The express train picks its way out of the city station on rapid-transit tracks. Once out of downtown, it leaves the rapid-transit line, the motorman shuts off at the end of third rail, and power collectors reach for the overhead wire. But this express train is not an Electroliner at Crawford Avenue winding it up for Milwaukee, rather, it is a Eurostar leaving the Southern Electric for the Channel Tunnel Rail Link
There’s something incongrous about the Eurostar snaking across the rooftops of Brixton, on those sharply-curved Victorian brick viaducts. But this was never strictly a ‘rapid transit’ line; back in the days of steam Bullied pacifics would trace the same route on their way to the Kent coast.
Then he’s off to Germany.
Once across the Hohenzollern Bridge and onto the new German high-speed line, however, it’s off to the races, with speeds hovering near 300 km/h, definitely world-class. What’s that old song about “passing cars like they were standing still?” The high-speed line follows an Autobahn route and there are many opportunities to leave the motorists behind.
Running the line parallel to the Autobahn was a clever idea; leave those BWMs and Mercedes standing!. I think it beats the 110mph section of the West Coast Mainline paralleling the M1 at Watford Gap!

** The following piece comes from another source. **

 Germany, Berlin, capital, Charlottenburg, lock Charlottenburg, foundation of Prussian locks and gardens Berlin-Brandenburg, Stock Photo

I’ve never been on any of the German high-speed lines; my sightings of ICE trains have been on the decidedly not high-speed single track Interlaken branch in Switzerland with the daily Hamburg to Interlaken “Thunersee”

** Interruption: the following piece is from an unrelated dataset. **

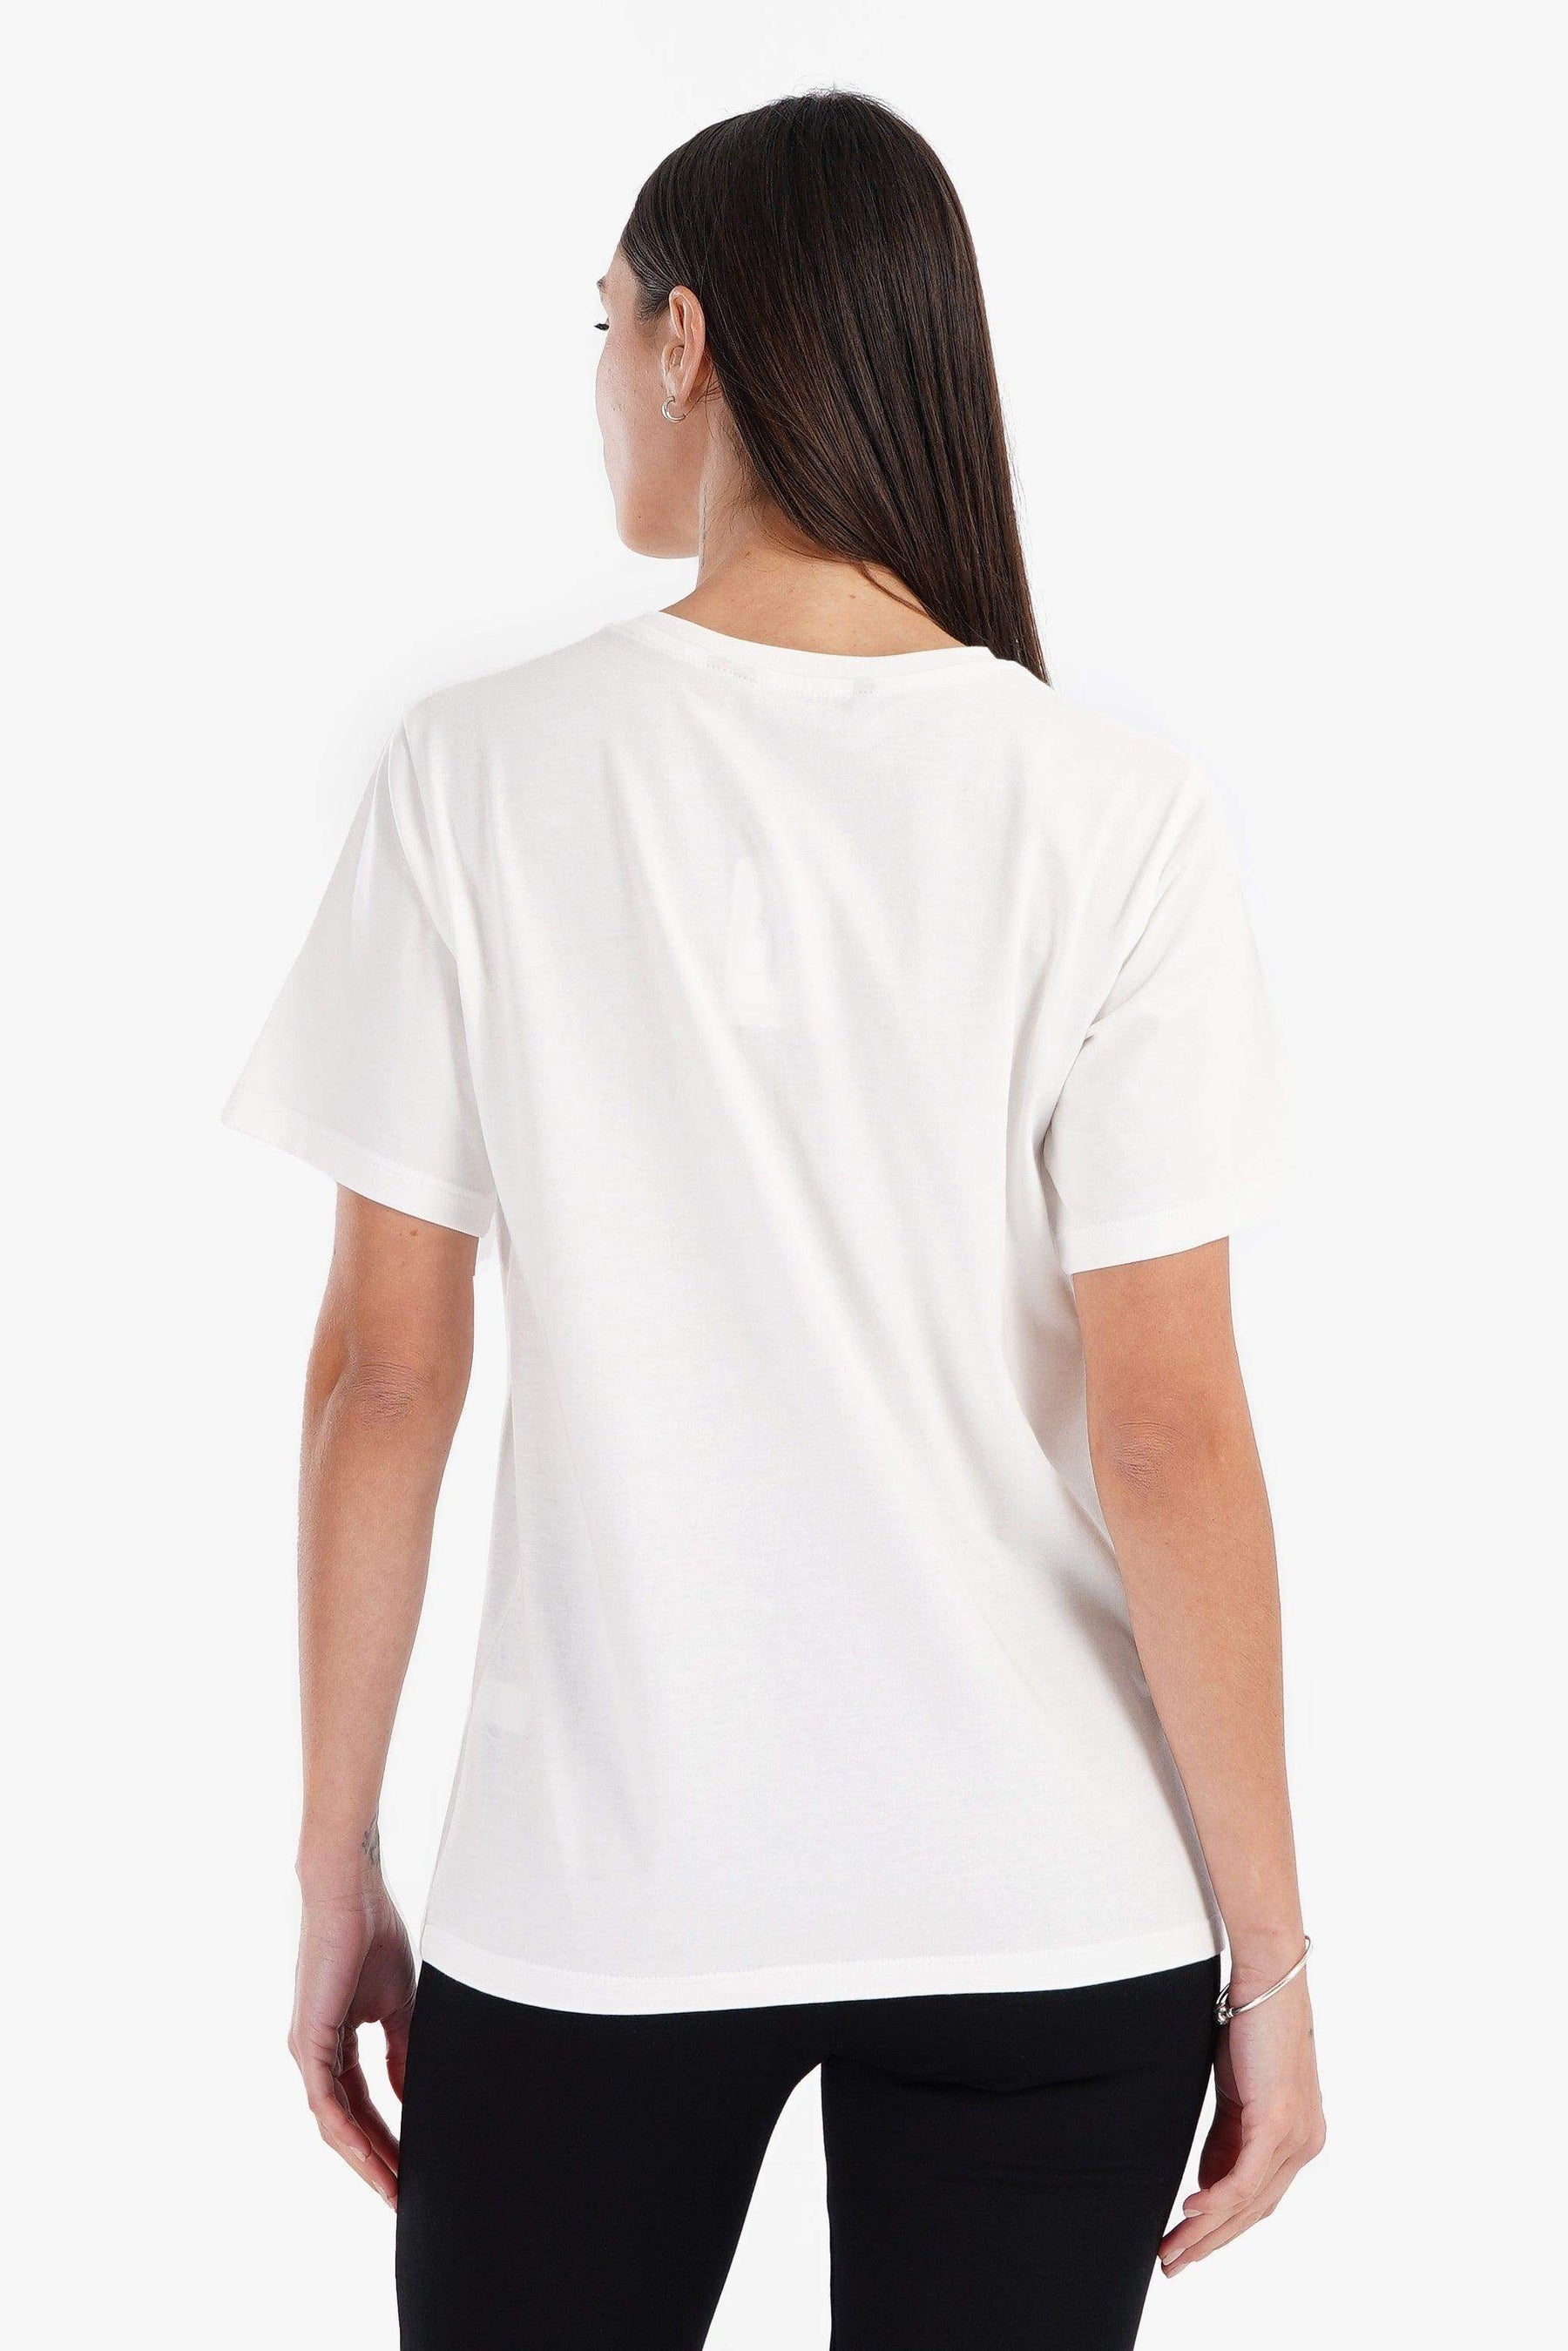 Off White Lounge T-Shirt - Carina - كارينا

Stephen is not so impressed with the internal seating layout.
I have come to the conclusion, however, that fixed seating with half the seats facing aft, although expedient, is a paradigm of rapid transit barbarism that doesn’t belong on an intercity train. In defense of the Europeans, many trains reverse directions at stub-end stations: imagine passing through the old St. Louis or Boston stations as routine.
Older European trains have seats in facing pairs; it’s only the newer stock that had so-called ‘airline style’ seating, which allows them to cram more seats in a given space. To this European, the idea that all seats should face forwards seems hopelessly impractical; you’d have to turn the entire train on a triangle at each end of the run! This might not be much of an overhead for a train taking two days and two nights to run from Chicago to Los Angeles, but the majority of European trains have total end to end runs of just three or four hours. For this type of run, the same set of coaches is expected to make several return trips a day. Already most shorter runs are multiple units or push/pull formations to save attaching and removing locomotives at each end; just imagine the overhead of turning the trains round! The extended turnround time could easily increase the number of coaches required by 50% or more!